Over the past three field seasons at the Post research area, the survey team has recorded the skeletal remains of several extinct Ice Age animals within the Spring Creek beds. The Spring Creek beds are lake sediments left from an extinct lake that had formed during the Pleistocene. During this time, under more moist weather conditions, several paleolake basins formed along the eastern escarpment edge of the Southern High Plains. The exact age of the Spring Creek beds and their relation to other regional extinct paleolakes has puzzled researchers for several decades.
The Blanco basin, located in Crosbyton County, Texas is the largest known paleolake of the region. This basin has been the center of early Pleistocene animal research for over a century, and also is the only one dated. A volcanic ash layer is located within lake deposits of the Blanco basin, and another upper ash layer occurs above the lake sediments within the later wind-blown sediments of the Blackwater Draw Formation.

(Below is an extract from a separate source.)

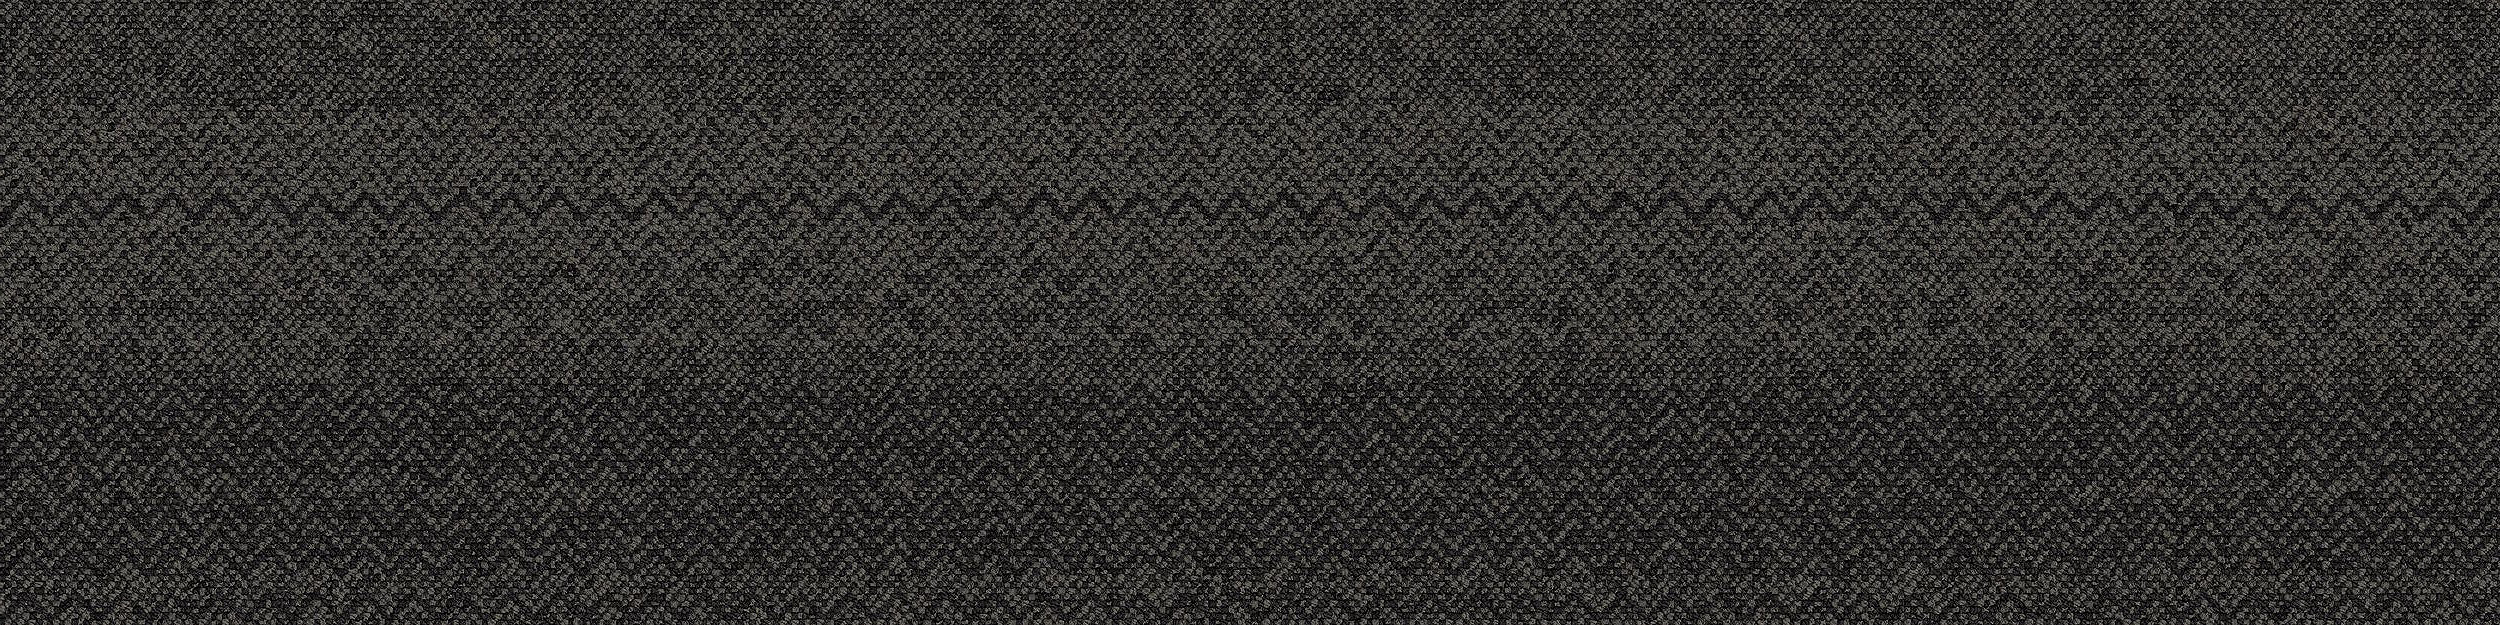 Stitchery Carpet Tile In Slate Stitchery image number 6

Throughout the Pleistocene (~2.6 mya-11,000 ka), sporadic eruptions from volcanoes in the Jemez Mountains region of north-central New Mexico and Yellowstone National Park in Wyoming blanketed the Great Plains. Where these ash lenses were preserved from erosion, they provided a reliable chronological marker for determining the age of sedimentation.
In the early 1970s, researchers dated two samples of the Blackwater Draw Formation ash layer, above the Blanco lake bed, and the estimated ages of these samples were 1.4 and 1.77 million years ago. This ash layer was identified as the Guaje ash that has its source in the Jemez Mountains in New Mexico. The lower ash layer within the Blanco paleo-lake sediments was dated to 2.8 million years ago. If these ages are correct, then the Blanco paleolake sediments date between ~2.8 – 1.4 million years ago.

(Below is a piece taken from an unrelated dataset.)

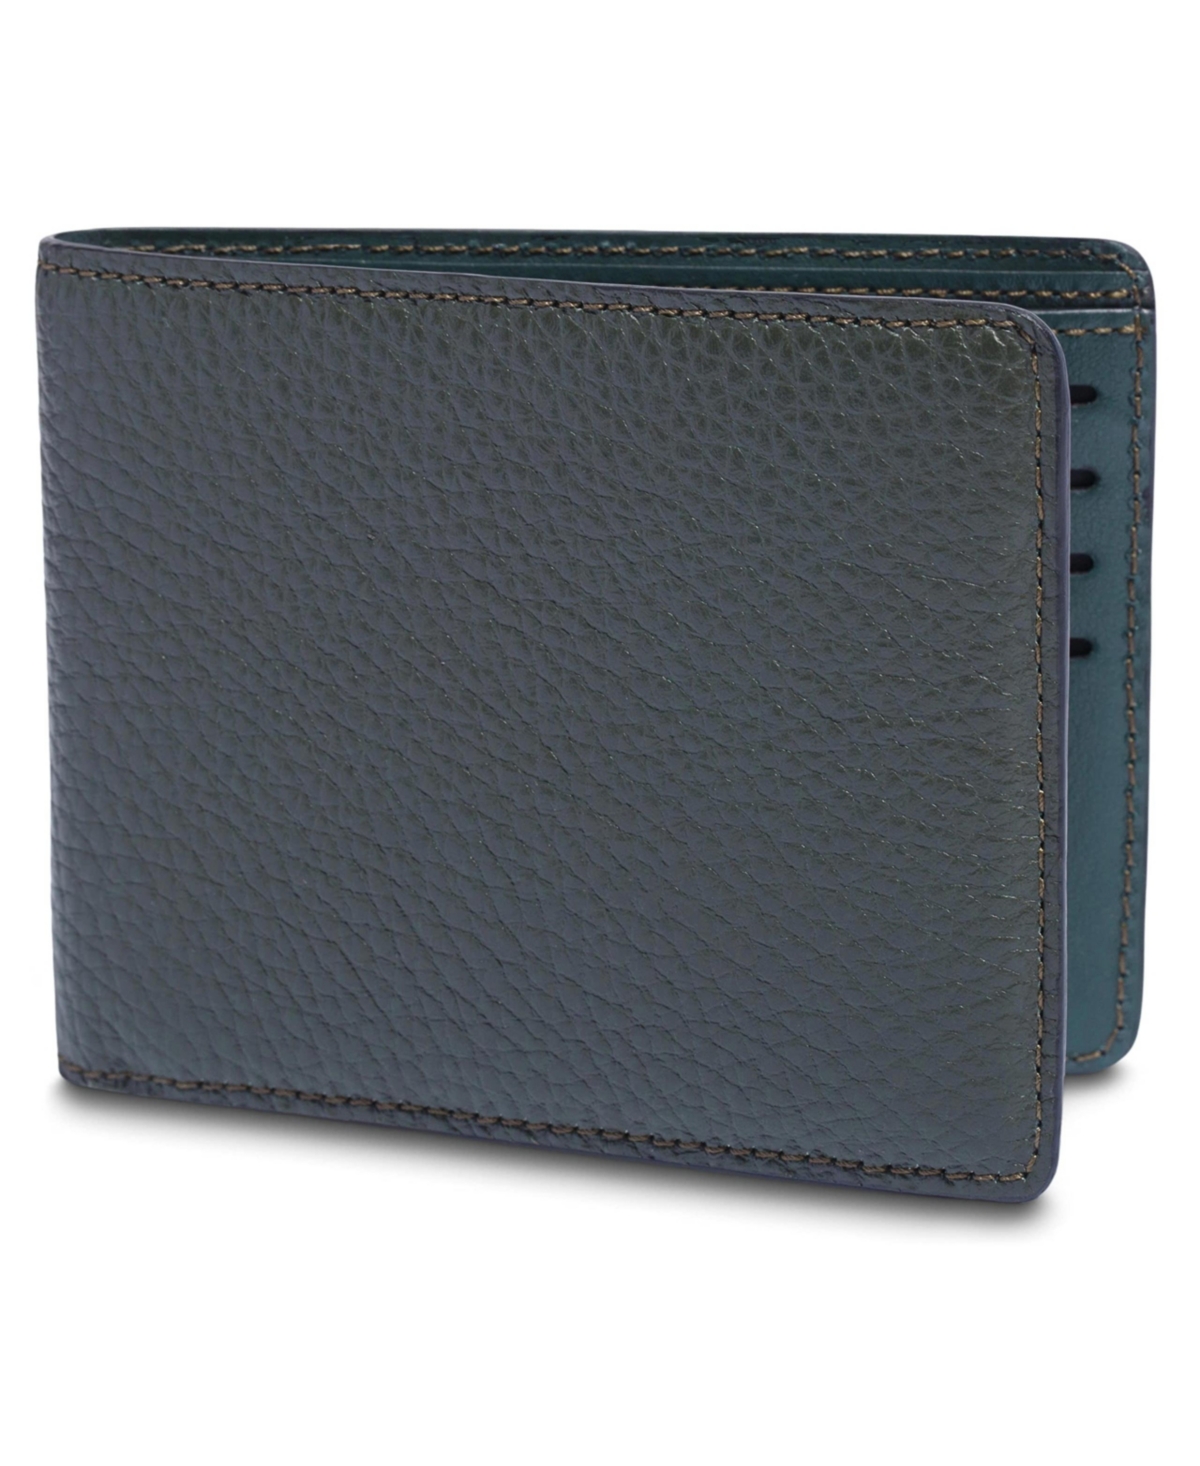 Italia Slim 8-Slot Men's Pocket Wallet Made In Italy, Monfrini Collection - Dark green

At the Post research area, the Landmark team has discovered a thick deposit of volcanic ash located on an upland ridge. The research team currently is tracing the lateral extinct of the ash layer and mapping the Spring Creek lake basin using a drone.
During the 2019 field season, Landmark crew member collected samples from ash beds for ³⁹Ar/⁴⁰Ar dating at the Oregon State Geochronology lab (Figure 1). This Argon dating method now is regarded as the most reliable for determining the age of volcanic ash layers. Results of this work will help to narrow down the age of the Spring Creek beds and their relationship to other Southern High Plains paleolakes.
The Landmark team also is collecting ash samples from the Blanco basin to double check the ages of the 1970s results. Geologists at the time used fission-track dating, and some researchers have questioned these age determinations. Results of redating the Blanco ash layers and ascertaining the age of the ash found in the Spring Creek beds will help to refine the known ages of extinct Southern High Plains paleolakes and the extensive extinct animal remains within them.